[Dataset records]
+-------+
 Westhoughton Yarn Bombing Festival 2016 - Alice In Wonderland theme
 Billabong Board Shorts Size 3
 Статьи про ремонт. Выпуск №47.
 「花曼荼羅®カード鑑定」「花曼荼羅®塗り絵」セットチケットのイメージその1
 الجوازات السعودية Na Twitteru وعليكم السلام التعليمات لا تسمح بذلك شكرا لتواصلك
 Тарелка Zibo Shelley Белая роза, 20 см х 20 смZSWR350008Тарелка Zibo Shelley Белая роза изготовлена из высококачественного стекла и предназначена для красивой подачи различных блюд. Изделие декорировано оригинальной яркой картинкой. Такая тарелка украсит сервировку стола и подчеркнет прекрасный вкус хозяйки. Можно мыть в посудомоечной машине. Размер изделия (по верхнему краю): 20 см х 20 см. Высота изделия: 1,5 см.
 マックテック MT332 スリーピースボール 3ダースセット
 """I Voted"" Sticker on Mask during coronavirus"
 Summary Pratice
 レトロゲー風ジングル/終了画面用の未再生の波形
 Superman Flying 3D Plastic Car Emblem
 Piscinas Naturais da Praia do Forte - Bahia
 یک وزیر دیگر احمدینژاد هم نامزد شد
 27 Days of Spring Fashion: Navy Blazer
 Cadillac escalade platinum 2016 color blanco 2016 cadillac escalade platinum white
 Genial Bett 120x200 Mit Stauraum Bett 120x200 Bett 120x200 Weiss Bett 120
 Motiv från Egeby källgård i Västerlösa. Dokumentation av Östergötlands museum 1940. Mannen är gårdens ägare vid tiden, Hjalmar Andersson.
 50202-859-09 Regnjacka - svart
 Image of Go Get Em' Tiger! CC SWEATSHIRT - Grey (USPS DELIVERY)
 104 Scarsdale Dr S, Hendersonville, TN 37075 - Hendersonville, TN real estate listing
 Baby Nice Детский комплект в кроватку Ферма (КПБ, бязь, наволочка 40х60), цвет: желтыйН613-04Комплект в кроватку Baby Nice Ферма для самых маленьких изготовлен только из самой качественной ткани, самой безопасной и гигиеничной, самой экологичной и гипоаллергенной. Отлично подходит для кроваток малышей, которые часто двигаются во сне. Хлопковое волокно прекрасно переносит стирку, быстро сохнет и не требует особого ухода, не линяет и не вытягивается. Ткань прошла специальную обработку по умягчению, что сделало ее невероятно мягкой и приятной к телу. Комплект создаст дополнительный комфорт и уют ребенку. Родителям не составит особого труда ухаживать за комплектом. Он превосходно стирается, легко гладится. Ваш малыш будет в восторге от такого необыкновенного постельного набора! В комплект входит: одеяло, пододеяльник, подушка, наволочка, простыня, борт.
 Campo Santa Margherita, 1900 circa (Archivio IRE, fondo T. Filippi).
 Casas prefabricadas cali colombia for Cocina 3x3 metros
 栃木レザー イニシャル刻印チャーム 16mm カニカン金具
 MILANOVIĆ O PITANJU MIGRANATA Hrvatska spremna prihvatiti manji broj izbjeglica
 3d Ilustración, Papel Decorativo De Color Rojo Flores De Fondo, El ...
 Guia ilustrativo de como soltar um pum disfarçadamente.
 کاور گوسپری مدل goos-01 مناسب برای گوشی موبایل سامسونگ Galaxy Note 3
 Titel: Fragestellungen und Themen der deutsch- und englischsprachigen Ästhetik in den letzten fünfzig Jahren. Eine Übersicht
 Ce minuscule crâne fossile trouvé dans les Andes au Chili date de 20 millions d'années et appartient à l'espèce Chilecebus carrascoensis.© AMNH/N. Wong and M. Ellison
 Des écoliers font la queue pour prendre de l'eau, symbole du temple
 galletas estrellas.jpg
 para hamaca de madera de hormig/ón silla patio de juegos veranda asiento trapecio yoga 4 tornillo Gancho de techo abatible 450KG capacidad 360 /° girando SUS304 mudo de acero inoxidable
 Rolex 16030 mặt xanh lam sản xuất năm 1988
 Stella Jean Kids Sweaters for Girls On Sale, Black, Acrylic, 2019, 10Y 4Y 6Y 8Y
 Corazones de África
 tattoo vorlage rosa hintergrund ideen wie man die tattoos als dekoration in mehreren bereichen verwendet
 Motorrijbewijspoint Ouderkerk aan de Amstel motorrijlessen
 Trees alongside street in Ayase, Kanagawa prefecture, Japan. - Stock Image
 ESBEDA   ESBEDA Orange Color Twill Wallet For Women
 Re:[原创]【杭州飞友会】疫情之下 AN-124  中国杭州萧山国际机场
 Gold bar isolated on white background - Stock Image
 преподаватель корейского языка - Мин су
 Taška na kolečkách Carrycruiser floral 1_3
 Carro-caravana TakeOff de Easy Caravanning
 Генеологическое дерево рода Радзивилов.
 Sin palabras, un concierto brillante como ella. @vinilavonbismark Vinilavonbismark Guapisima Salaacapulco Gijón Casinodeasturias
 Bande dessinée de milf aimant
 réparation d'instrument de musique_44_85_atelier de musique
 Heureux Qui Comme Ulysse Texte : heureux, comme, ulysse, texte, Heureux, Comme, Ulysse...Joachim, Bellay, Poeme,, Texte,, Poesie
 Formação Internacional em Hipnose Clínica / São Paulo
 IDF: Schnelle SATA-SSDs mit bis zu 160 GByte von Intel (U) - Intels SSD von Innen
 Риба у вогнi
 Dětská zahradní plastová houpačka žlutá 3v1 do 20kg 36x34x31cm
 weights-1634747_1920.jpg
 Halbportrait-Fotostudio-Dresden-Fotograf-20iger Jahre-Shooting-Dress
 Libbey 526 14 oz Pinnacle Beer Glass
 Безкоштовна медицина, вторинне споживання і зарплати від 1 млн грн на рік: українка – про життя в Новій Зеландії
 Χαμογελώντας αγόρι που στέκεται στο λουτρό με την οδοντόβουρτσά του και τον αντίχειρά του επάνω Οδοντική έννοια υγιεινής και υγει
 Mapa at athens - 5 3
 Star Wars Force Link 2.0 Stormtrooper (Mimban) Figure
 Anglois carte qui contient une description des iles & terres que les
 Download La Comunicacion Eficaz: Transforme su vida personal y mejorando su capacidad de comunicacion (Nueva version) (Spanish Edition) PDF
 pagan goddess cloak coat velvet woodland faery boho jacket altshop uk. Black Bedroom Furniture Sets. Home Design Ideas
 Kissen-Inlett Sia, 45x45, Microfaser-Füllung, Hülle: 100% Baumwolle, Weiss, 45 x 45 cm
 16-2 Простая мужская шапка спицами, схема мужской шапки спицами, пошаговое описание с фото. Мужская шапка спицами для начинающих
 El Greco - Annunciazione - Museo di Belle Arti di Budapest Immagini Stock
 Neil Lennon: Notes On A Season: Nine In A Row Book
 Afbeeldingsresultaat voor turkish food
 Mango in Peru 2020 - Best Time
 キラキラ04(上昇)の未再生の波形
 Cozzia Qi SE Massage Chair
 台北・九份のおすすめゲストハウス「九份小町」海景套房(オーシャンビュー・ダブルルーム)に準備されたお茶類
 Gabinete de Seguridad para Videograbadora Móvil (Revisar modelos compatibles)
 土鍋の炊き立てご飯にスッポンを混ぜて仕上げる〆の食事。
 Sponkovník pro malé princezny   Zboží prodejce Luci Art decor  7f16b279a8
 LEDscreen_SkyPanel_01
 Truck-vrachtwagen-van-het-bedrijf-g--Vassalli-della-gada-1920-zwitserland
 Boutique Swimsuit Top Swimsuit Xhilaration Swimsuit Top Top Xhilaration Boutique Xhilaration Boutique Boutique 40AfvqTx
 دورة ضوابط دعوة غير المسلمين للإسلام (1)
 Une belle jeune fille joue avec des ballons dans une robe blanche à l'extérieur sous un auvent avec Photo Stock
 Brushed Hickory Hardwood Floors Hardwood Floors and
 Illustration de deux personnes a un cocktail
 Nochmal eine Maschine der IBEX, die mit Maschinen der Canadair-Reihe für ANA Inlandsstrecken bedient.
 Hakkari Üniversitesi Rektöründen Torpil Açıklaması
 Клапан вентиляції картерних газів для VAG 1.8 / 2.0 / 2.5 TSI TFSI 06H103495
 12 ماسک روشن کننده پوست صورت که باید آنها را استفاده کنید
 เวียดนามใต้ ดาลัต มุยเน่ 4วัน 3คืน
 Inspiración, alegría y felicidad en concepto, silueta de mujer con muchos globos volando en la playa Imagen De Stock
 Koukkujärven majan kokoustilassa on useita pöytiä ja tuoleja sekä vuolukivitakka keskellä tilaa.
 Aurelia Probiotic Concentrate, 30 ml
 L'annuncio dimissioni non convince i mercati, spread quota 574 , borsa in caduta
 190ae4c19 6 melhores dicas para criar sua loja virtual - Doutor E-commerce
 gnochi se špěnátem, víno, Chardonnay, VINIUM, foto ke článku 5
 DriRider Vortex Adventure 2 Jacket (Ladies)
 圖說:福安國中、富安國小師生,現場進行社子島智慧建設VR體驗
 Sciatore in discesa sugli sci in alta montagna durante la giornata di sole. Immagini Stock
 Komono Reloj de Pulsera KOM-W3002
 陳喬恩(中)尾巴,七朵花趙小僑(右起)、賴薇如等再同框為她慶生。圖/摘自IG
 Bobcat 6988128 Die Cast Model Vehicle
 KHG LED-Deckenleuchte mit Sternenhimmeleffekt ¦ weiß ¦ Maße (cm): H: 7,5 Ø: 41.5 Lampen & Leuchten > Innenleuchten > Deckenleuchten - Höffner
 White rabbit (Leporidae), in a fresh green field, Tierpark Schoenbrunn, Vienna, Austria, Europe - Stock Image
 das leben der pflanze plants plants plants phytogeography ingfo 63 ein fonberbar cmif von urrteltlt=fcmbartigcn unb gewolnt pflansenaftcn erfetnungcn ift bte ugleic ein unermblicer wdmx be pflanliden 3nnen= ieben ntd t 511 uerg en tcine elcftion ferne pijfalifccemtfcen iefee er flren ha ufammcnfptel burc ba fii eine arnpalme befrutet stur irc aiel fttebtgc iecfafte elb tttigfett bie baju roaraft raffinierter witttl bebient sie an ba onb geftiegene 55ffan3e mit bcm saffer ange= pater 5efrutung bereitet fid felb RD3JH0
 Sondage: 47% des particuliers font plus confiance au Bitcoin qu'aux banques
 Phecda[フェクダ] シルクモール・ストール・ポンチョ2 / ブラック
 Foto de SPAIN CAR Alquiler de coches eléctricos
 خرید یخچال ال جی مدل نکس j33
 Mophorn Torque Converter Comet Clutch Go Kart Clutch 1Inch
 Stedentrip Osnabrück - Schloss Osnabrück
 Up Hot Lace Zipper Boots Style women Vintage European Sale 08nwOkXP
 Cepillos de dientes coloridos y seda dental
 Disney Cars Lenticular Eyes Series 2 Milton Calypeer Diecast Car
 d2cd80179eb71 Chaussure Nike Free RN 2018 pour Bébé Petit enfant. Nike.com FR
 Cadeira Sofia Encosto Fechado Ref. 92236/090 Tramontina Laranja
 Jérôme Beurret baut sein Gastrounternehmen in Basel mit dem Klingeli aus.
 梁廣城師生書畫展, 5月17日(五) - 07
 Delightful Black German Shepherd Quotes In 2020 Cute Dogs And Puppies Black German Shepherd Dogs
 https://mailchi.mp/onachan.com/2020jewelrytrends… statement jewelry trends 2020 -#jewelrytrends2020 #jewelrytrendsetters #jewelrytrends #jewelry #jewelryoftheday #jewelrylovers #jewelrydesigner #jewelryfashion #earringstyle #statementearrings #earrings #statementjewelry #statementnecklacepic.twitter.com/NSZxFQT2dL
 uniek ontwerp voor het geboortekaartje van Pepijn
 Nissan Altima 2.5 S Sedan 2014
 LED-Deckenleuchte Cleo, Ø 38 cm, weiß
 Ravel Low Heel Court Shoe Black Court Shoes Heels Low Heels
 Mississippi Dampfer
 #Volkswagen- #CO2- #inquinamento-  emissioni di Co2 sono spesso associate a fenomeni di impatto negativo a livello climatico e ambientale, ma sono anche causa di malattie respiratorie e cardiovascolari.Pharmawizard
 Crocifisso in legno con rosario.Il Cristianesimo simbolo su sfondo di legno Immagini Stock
+-------+
- [REQUIRED ACTION]: From the records above, print only the lines between the one holding "Afbeeldingsresultaat voor turkish food" and the one holding "LEDscreen_SkyPanel_01", inclusive, exactly as they stand.

- [ANSWER SECTION]:
 Afbeeldingsresultaat voor turkish food
 Mango in Peru 2020 - Best Time
 キラキラ04(上昇)の未再生の波形
 Cozzia Qi SE Massage Chair
 台北・九份のおすすめゲストハウス「九份小町」海景套房(オーシャンビュー・ダブルルーム)に準備されたお茶類
 Gabinete de Seguridad para Videograbadora Móvil (Revisar modelos compatibles)
 土鍋の炊き立てご飯にスッポンを混ぜて仕上げる〆の食事。
 Sponkovník pro malé princezny   Zboží prodejce Luci Art decor  7f16b279a8
 LEDscreen_SkyPanel_01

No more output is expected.